Il 22 dicembre si è consumata una brutta pagina del comune di Cerveteri
che ha riportato l’ente indietro nel tempo: la delegazione trattante convocata, ha
approvato un regolamento delle progressioni economiche orizzontali, ad avviso della Uil fpl, iniquo, contradditorio e soprattutto discriminatorio improntato a regole non uguali per tutti i dipendenti tendenti a privilegiarne alcuni a scapito di altri.
Le progressioni economiche orizzontali, come stabilito dalla norma, sono previste per coloro che hanno dimostrato particolare impegno e hanno acquisito notevole capacità di lavoro in base alle valutazioni ottenute da chi li ha diretti e ciò a prescindere dall’ente di provenienza o dall’anzianità di servizio sic et sempliciter. Gli avanzanenti di carriera dovrebbero tener conto del merito e non di requisiti puramente locali.
Purtroppo non è così per il Comune di Cerveteri, per la parte pubblica e tutte le rappresentanze sindacali ad esclusione della UIL FPL  che ha espresso insieme al suo rappresentante nella Rsu, parere contrario rispetto a chi sostiene che l’esperienza acquisita nel Comune di Cerveteri sia superiore a quella acquisita in qualsiasi altro ente, si trattasse pure della NASA,  e che pertanto solo per questo maggiormente meritevole.
Il regolamento così licenziato dalla delegazione trattante ad esclusione della Uil fpl,  stabilisce inoltre paletti e criteri assurdi per la stessa progressione economica in questione, assegnando un punteggio superiore per la sola permanenza nella categoria e nella fascia economica di riferimento maggiorato per coloro i quali vantano una permanenza nel Comune di Cerveteri da più tempo.
Tale principio porta all’assurdo risultato che chi ha valutazioni di merito maggiore rispetto ad altri  potrebbe non accedere alla progressione economica perchè superato da chi, seppur meno meritevole, possiede una maggiore anzianità di servizio meglio se presso l’ente, criterio questo ufficialmente dichiarato non valido per le progressioni in questione da tutta la giurisprudenza in materia.

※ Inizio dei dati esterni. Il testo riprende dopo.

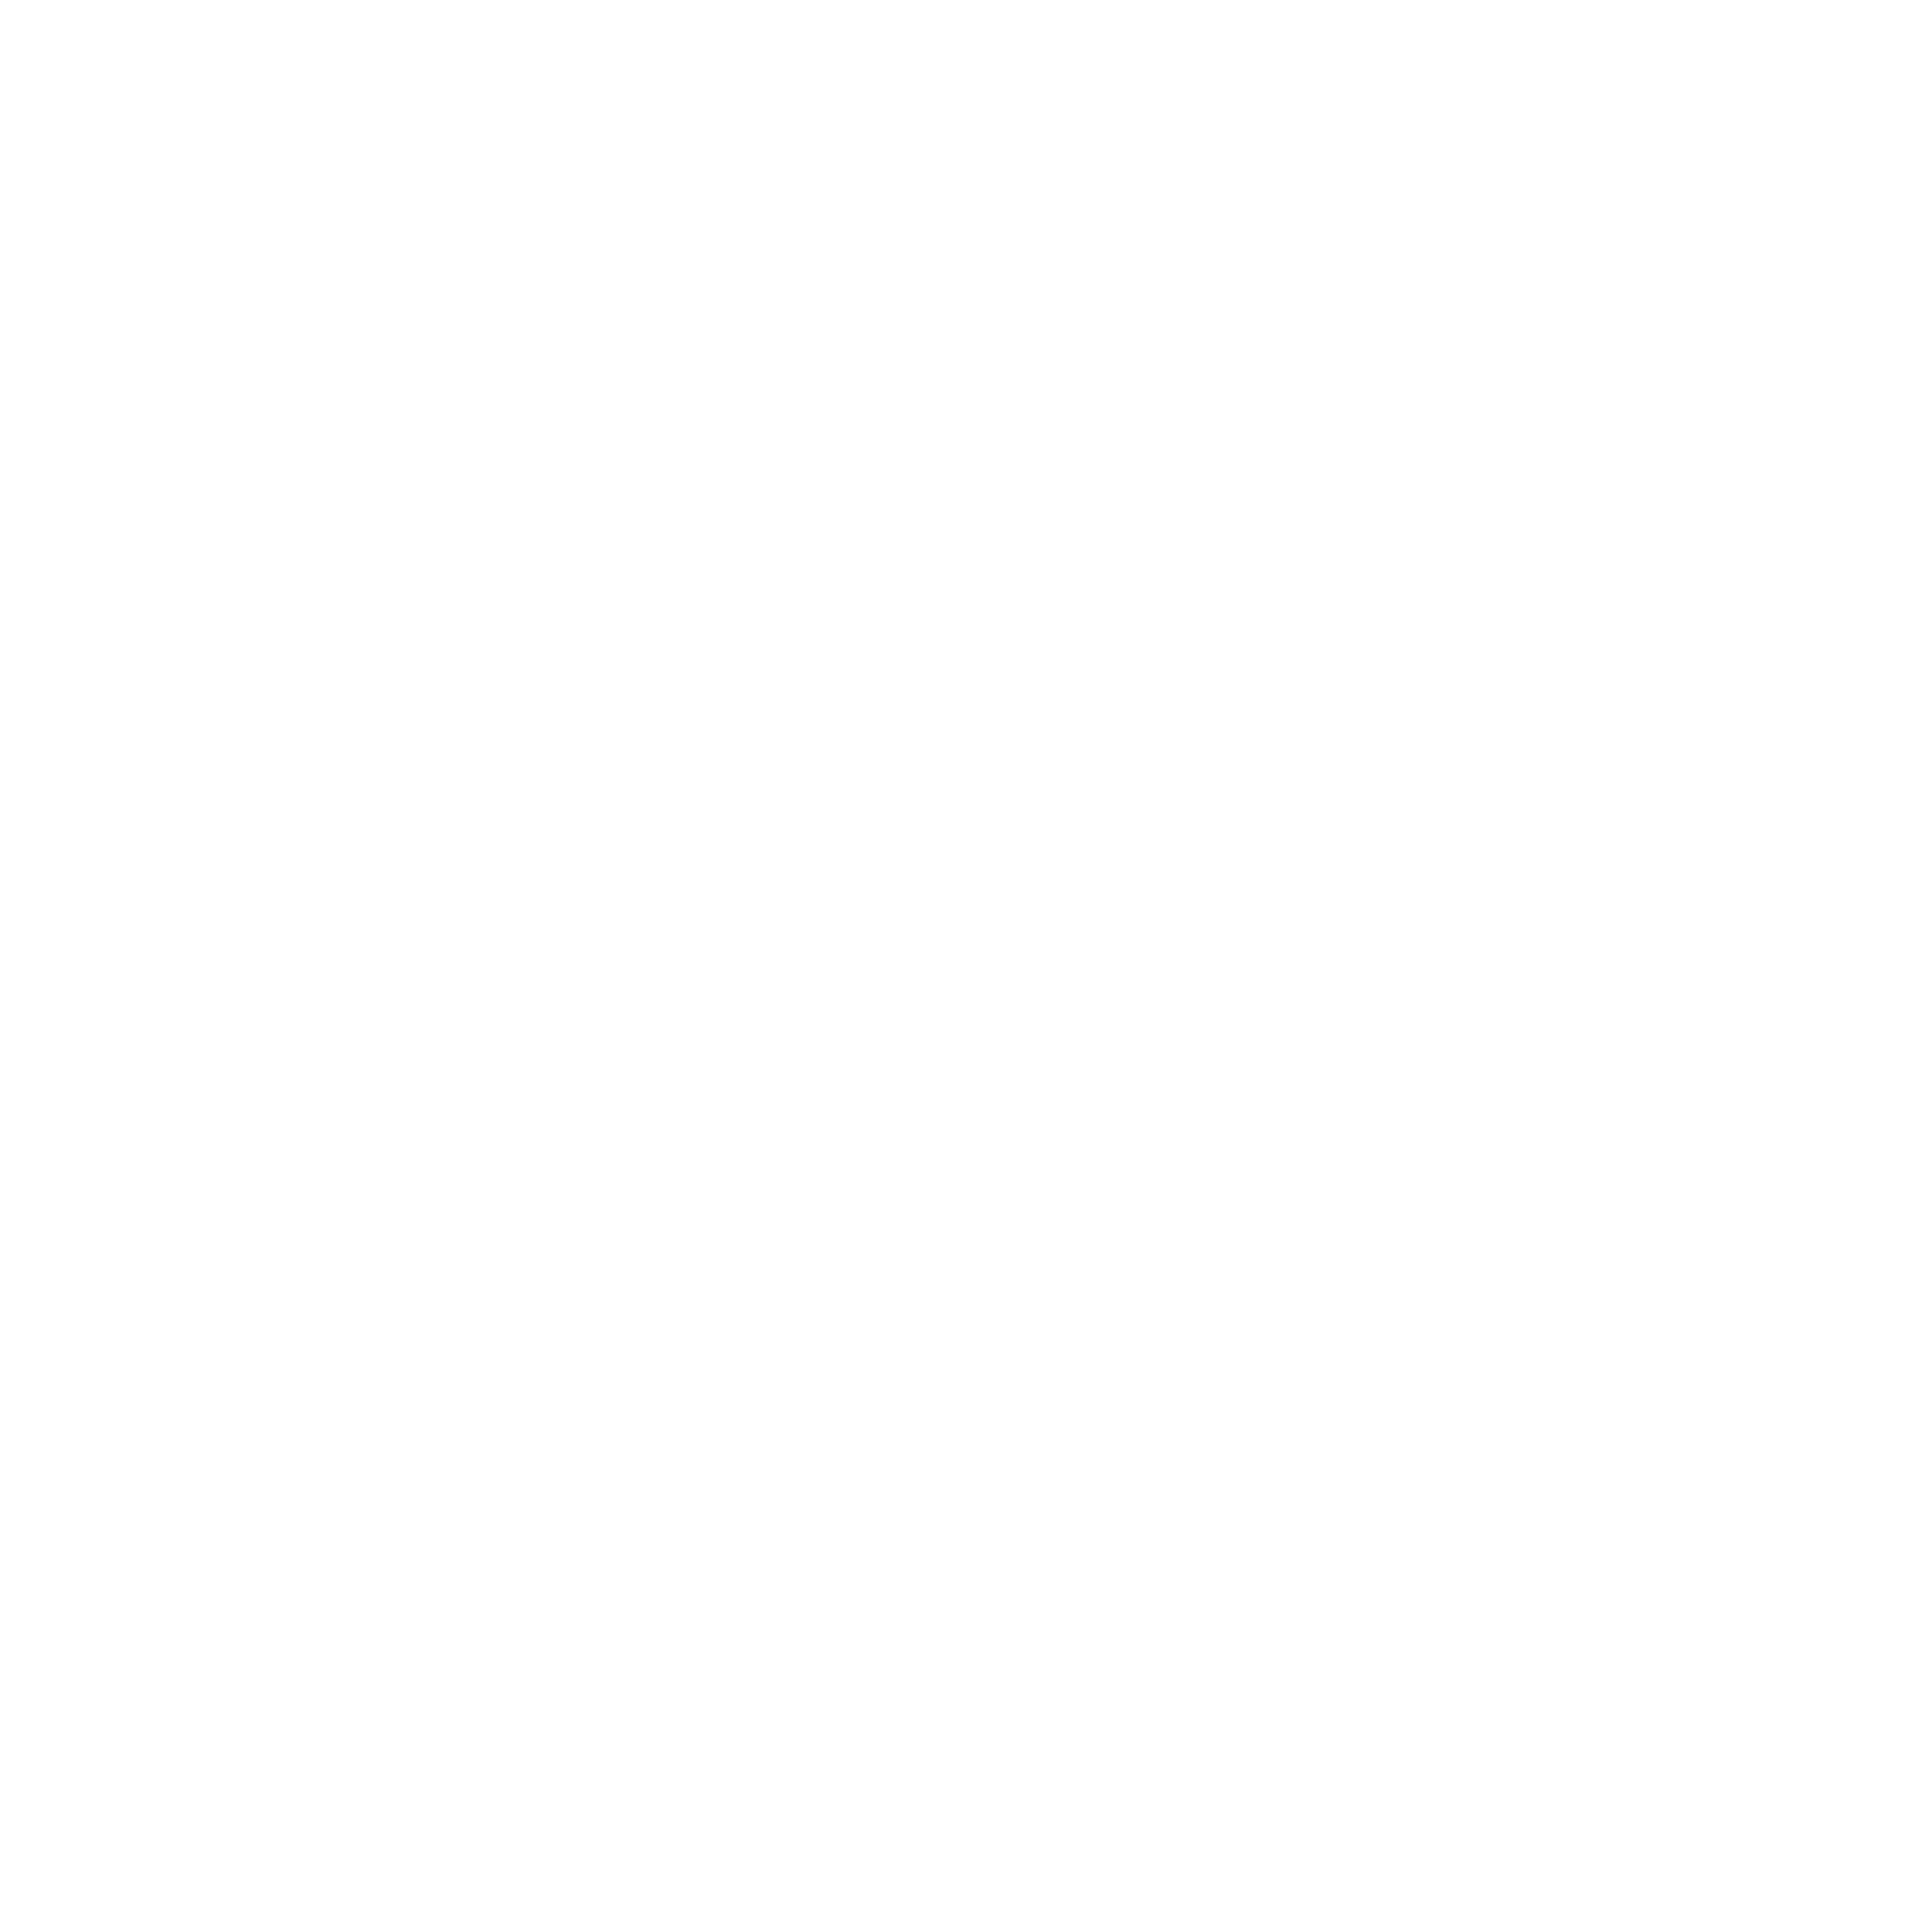 Paulo Filpe Portfolio

Tale situazione inoltre svilisce l’importante istituto della mobilità e potrebbe portare al paradosso di garantire gli avanzamenti in parola ai soliti dipendenti che solo per essere stati assunti da più tempo e rimasti  presso il Comune di Cerveteri avrebbero così un vantaggio iniziale su tutti, compresi coloro che hanno maturato la loro esperienza professionale con più enti.
E ancora più assurdo è che all’anzianità di servizio, di fatto rinominata esperienza professionale, viene assegnato un punteggio quasi uguale alla capacità individuale di svolgere il proprio lavoro con profitto. Questo significa che chi ha una buona valutazione di merito per particolare impegno e professionalità dimostrata potrebbe essere superato nella graduatoria da chi ha una valutazione inferiore ma una maggiore anzianità di lavoro soprattutto se acquisita nell’Ente. Quindi è inutile impegnarsi, tanto la
progressione economica scatta probabilmente per i più anziani in servizio!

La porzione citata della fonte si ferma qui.